Anti-Pattern 1: The Magic Number Theory
During any developer’s career they will likely have to look through older code, also known as software archaeology, which could have been written by a person who is no longer with that organization. Eventually, the developer will likely find hard-coded numbers that seem arbitrary because they have little to no context about where they came from or what they do.
That’s the basis for the magic number theory, since for all you know they might be “magic numbers.” It might have made sense at the time to just write them directly in the code, but later on they become difficult to work with and, if necessary, difficult to refactor.
Instead of hard coding them in we recommend creating a variable, usually a constant, to define what the value represents, even if it doesn’t seem necessary. Doing this will improve the readability of the code, allow for other developers to come in and change them if needed, and improve the ability to do a larger refactor later on, if necessary.
Anti-Pattern 2: Cargo Cult Programming
Cargo cult programming is another common issue that plagues software development. When a developer uses code that they don’t fully understand, such as objects, methods, or design patterns, it’s considered Cargo Cult Programming. This usually becomes more prevalent the bigger a code base gets, since that makes it more likely the developer will add code without knowing how it works.
When a developer uses code they don’t fully understand they can introduce bugs or add more than what is necessary to fix an issue. Newer people on a project are typically more prone to this, as they may see similar code elsewhere without knowing the exact purpose of each line. The responsibility of avoiding this problem and the issues it causes rests with the developers, who should look up any parts of code they are unfamiliar with to avoid any mistakes.
This is also an important practice for code reviews, since you shouldn’t pass code that you do not completely understand.
Anti-Pattern 3: Gold Plating
The final anti-pattern we want to touch on is gold plating, which can occur after a developer has finished up a requirement but then sees room for more improvements or enhancements that they think the customer might want.
Adding New Functionality
This does not sound like a big issue, but if the improvement proves more complex than the developer thought it can eat up time. There is also a possibility of the customer seeing the added functionality and then deciding that it is not what they are really looking for, which means all the time spent on it was wasted.
However, if the extra functionality is viewed as important, it might be best to work on it immediately. Since this is more situational than the other two, there isn’t any one perfect solution.

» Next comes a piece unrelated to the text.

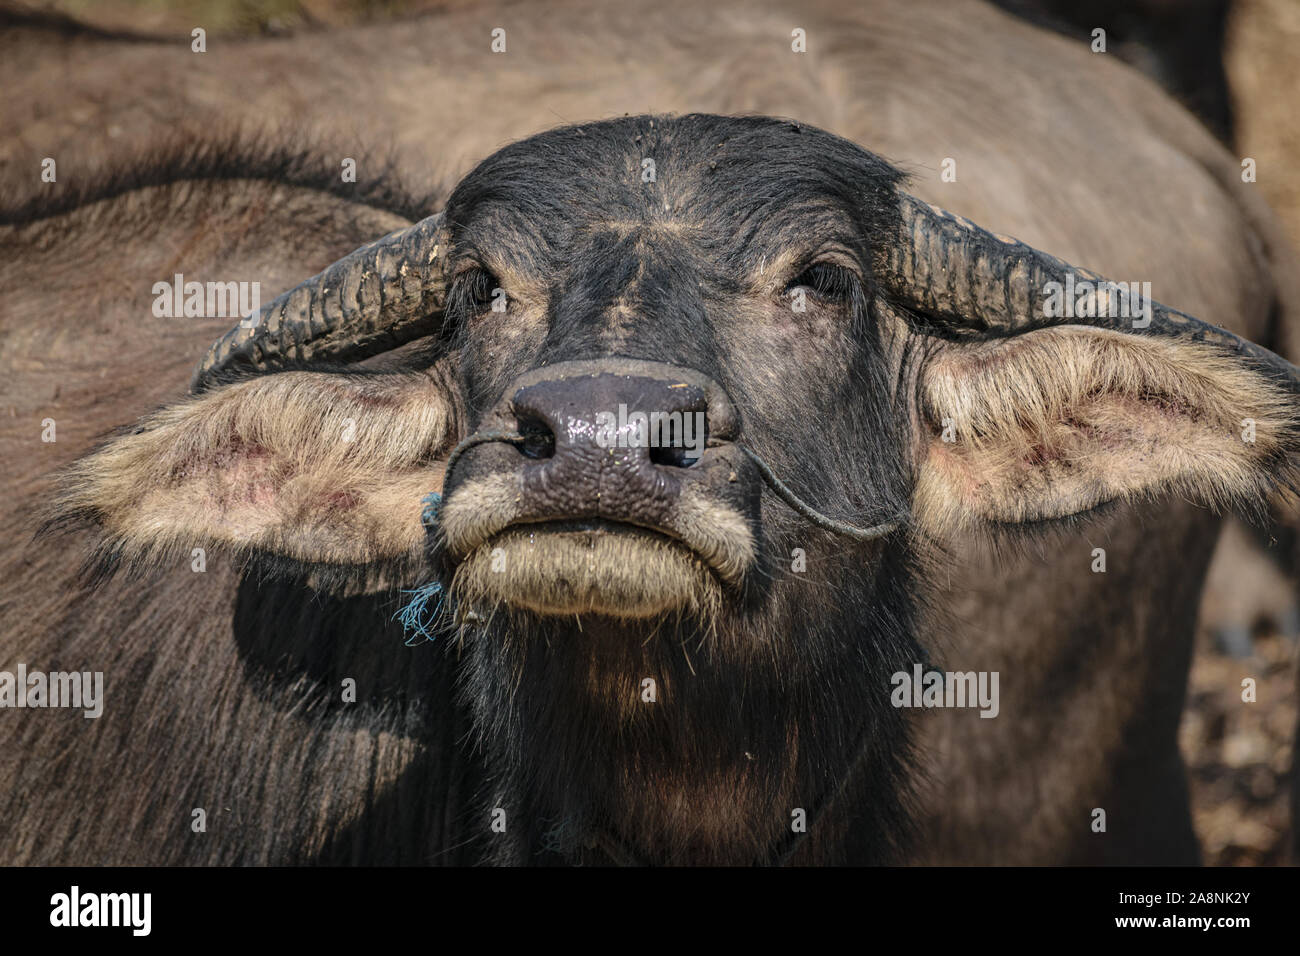 Water buffalo, Myanmar Stock Photo

The best place to start for new functionality is by talking to the customer, since they decide whether or not it gets worked on; this way no work will be lost.
Creating Tech Debt
If a developer is working on something and realizes there is an issue with the existing code, that can create tech debt. These tasks are usually found when a developer realizes how to optimize or modify existing code to improve it after more development work has been done. In this scenario, try time boxing your work so that if it becomes too much effort for that particular moment then you can create a ticket for it to be addressed later.

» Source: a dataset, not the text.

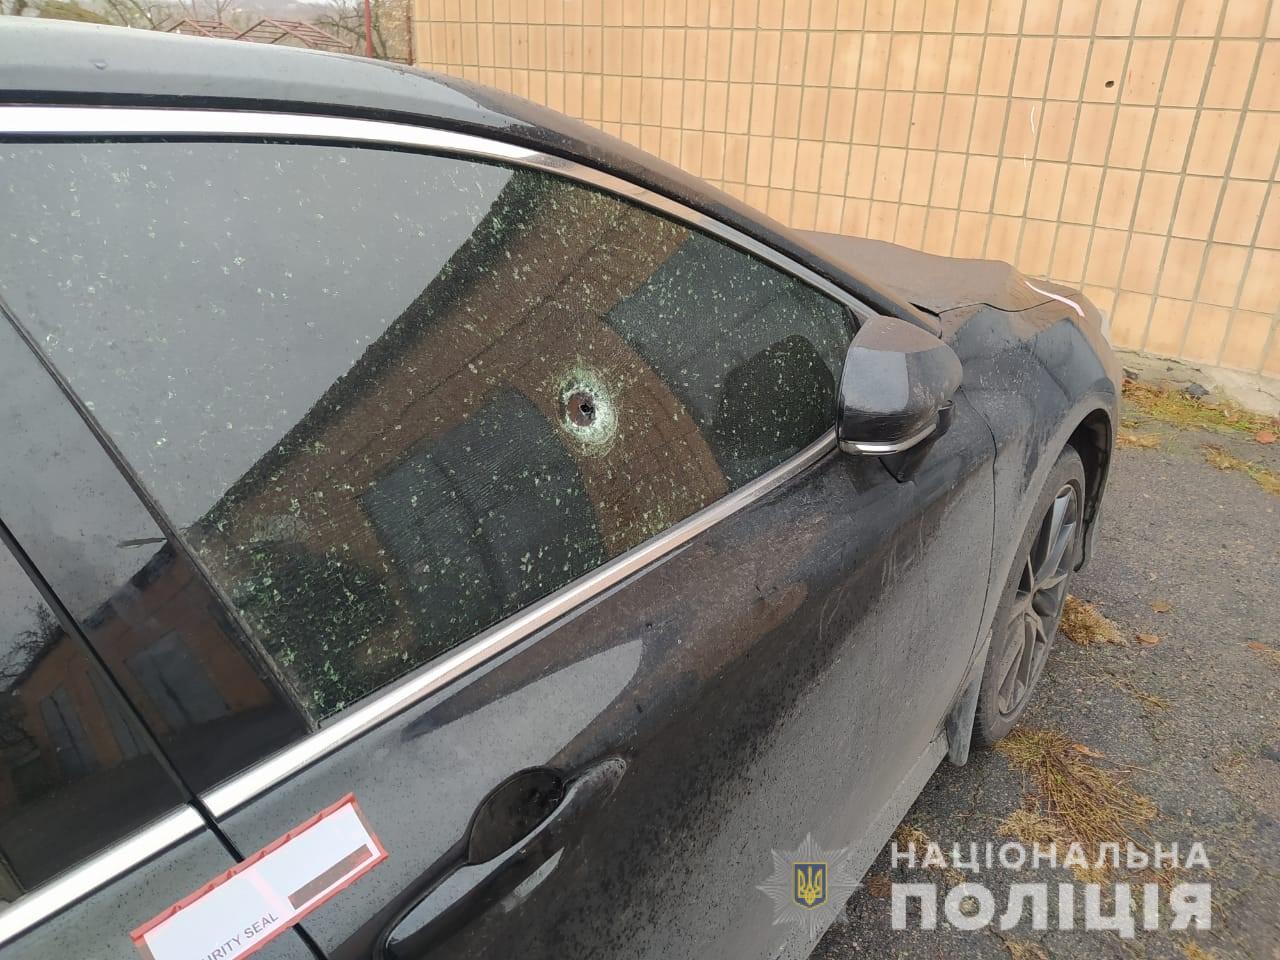 Житель Кіровоградщини обстріляв чужу автівку, через конфлікт на дорозі

Preventing Anti-Patterns: Avoiding Development Problems
Software development is a field where we are constantly looking for patterns, but ignoring anti-patterns can almost be worse than choosing less optimal design patterns.

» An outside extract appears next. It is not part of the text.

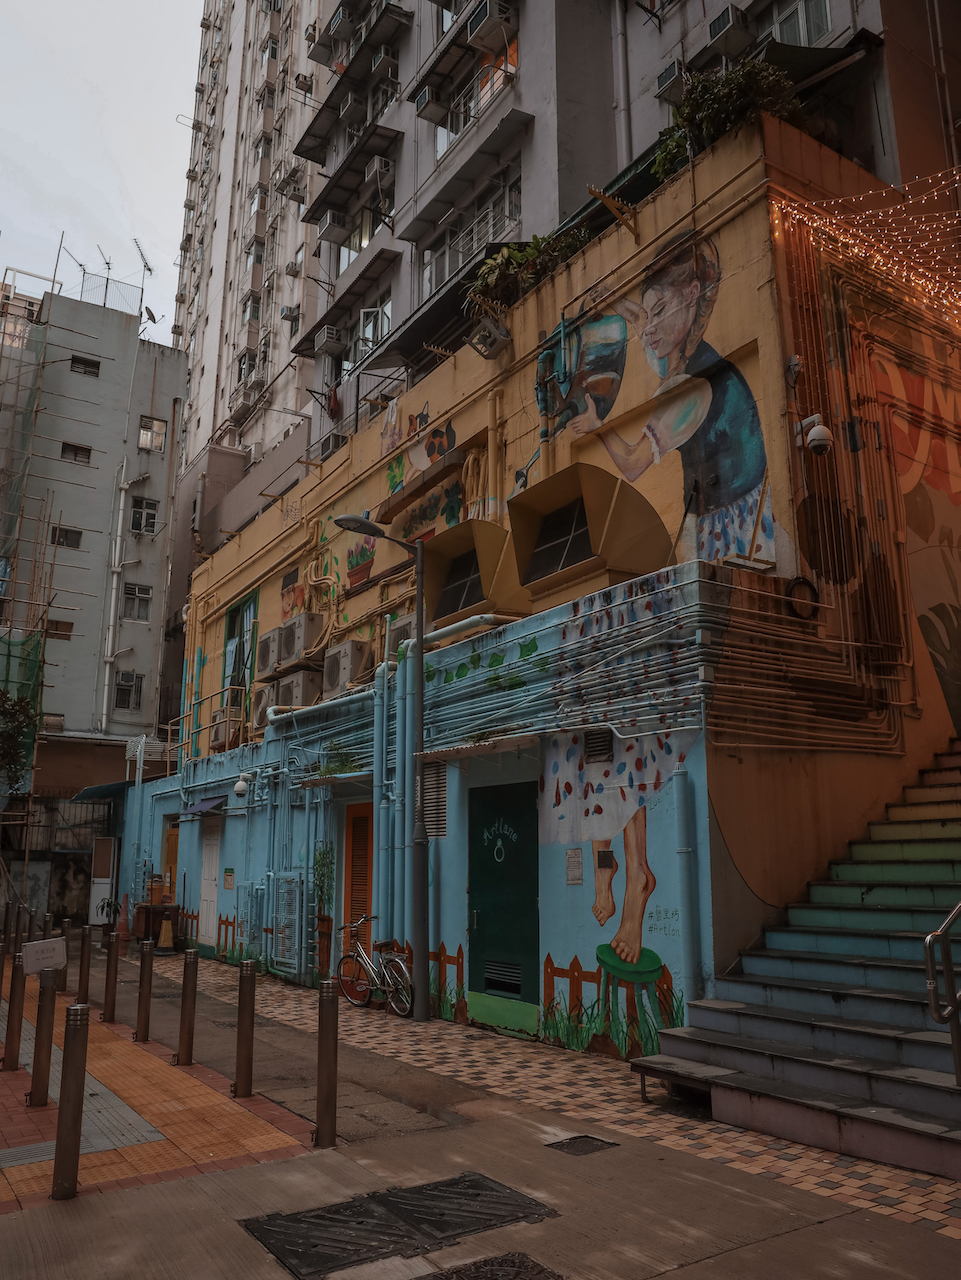 Escaliers et graffitis à Art Lane - Hong Kong

If developers can identify these issues early on, it can save time, prevent frustration, and reduce refactoring in the long run. But recognizing an anti-pattern during development can be difficult, since there are usually other issues with the development process that can distract developers from recognizing the signs.
It’s helpful to glance at a list of anti-patterns every few weeks and to check if any have started manifesting themselves. Getting familiar with at least a few will allow you to identify them more easily in the future.